如果您使用的平台支持 POSIX 或 C99,则应该能够使用
snprintf来计算您需要的缓冲区的大小。snprintf接受一个参数,指示您传入的缓冲区的大小;如果字符串的大小超过该缓冲区的大小,它会截断输出以适合缓冲区,并返回适合整个输出所需的空间量。您可以使用它的输出来分配大小正确的缓冲区。如果您只想计算所需的缓冲区大小,则可以传入 NULL 作为缓冲区和大小 0 来计算需要多少空间。使用后请记住
free(buf)以避免内存泄漏。这样做的问题是它无法在 Visual Studio 中运行,它仍然不支持 C99。虽然他们有 类似
snprintf,如果传入的缓冲区太小,它不会返回需要的大小,而是返回-1,这是完全没有用的(并且它不接受NULL< /code> 作为缓冲区,即使长度为0)。如果您不介意截断,则可以简单地将
snprintf与固定大小的缓冲区一起使用,并确保不会溢出它:请确保在
snprintf< 上检查您的平台文档/代码>;特别是,如果字符串被截断,某些平台可能不会在字符串末尾添加终止 null,因此您可能需要自己执行此操作。If you are on a platform that supports POSIX or C99, you should be able to use
snprintfto compute the size of the buffer you will need.snprintftakes a parameter indicating the size of the buffer you are passing in; if the size of the string would exceed the size of that buffer, it truncates the output to fit into the buffer, and returns the amount of space it would have needed to fit the entire output. You can use the output of this to allocate a buffer that's the exact right size.

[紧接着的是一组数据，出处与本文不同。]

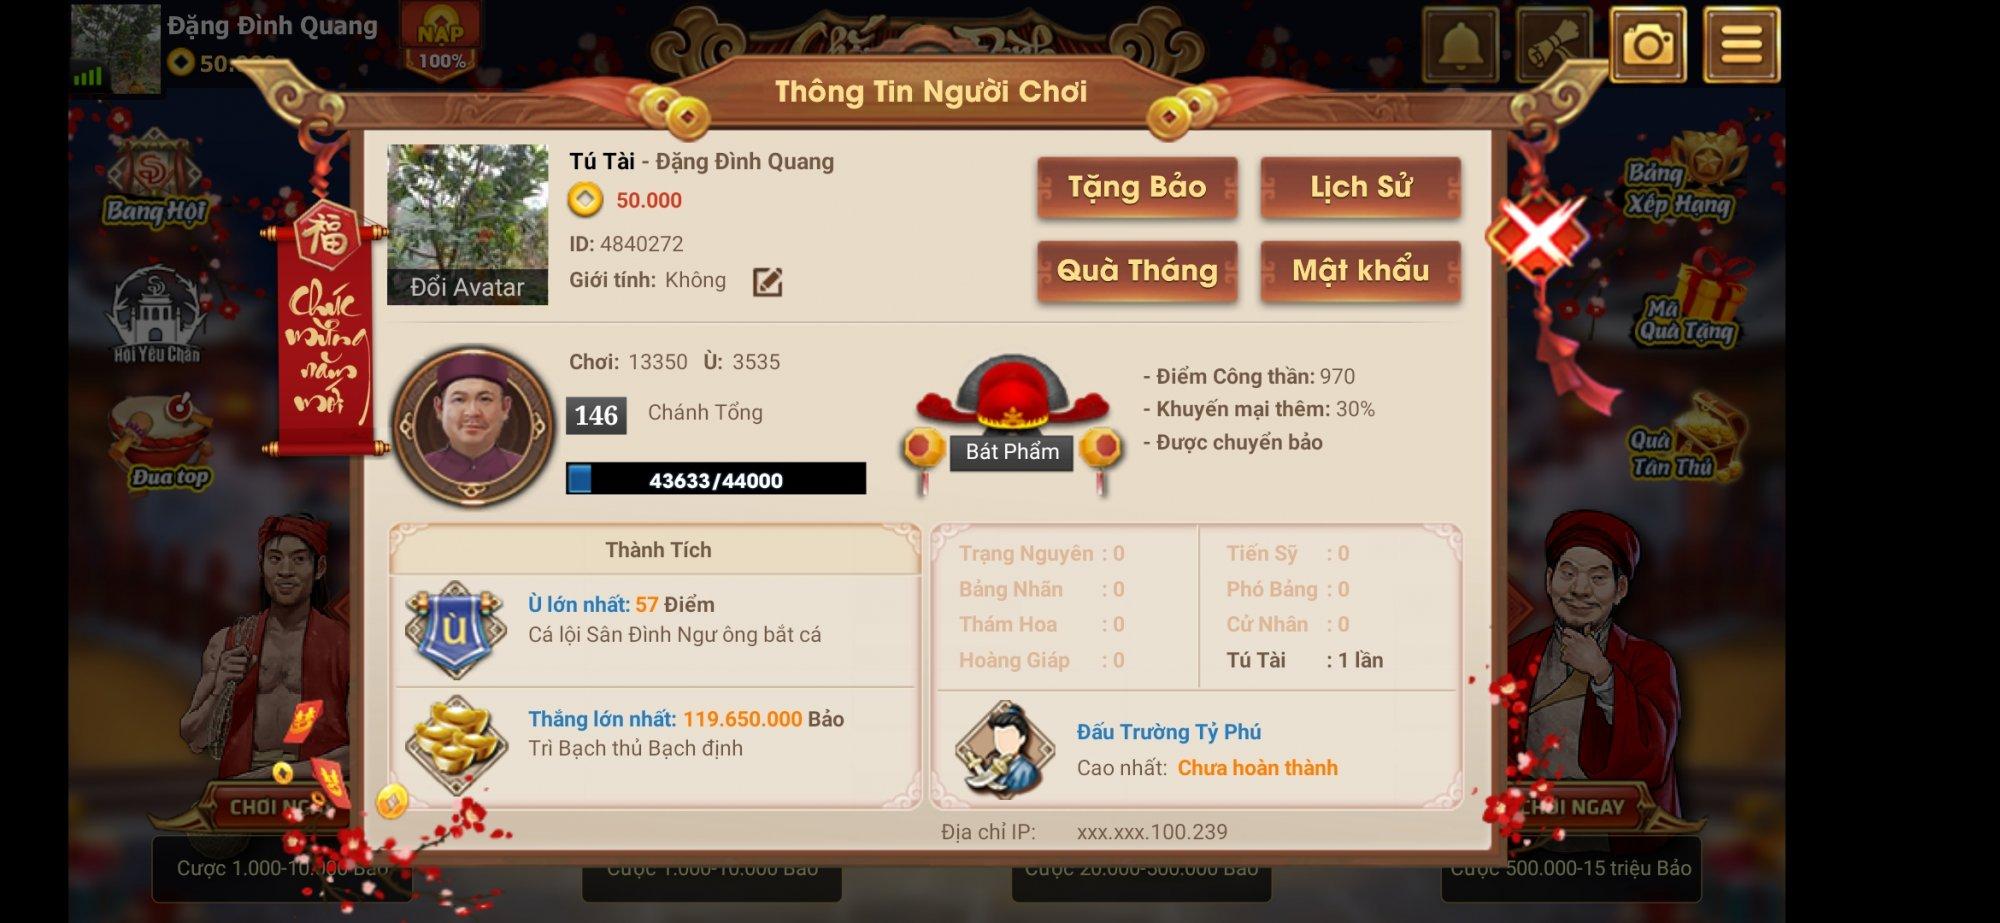 Screenshot_2020-02-20-00-43-32-076_com.vietsao.chandangian.

If you just want to compute the size of the buffer you need, you can pass in NULL as the buffer and a size of 0 to compute how much space you need.Remember to
free(buf)after you've used it to avoid memory leaks.The problem with this is that it won't work in Visual Studio, which still does not support C99. While they have something like
snprintf, if the buffer passed in is too small, it does not return the size needed, but returns-1instead, which is completely useless (and it does not acceptNULLas a buffer, even with a0length).If you don't mind truncating, you can simply use
snprintfwith a fixed size buffer, and be assured that you won't overflow it:Make sure you check your platform docs on
snprintf; in particular, some platforms may not add a terminating null at the end of the string if the string is truncated, so you may need to do that yourself.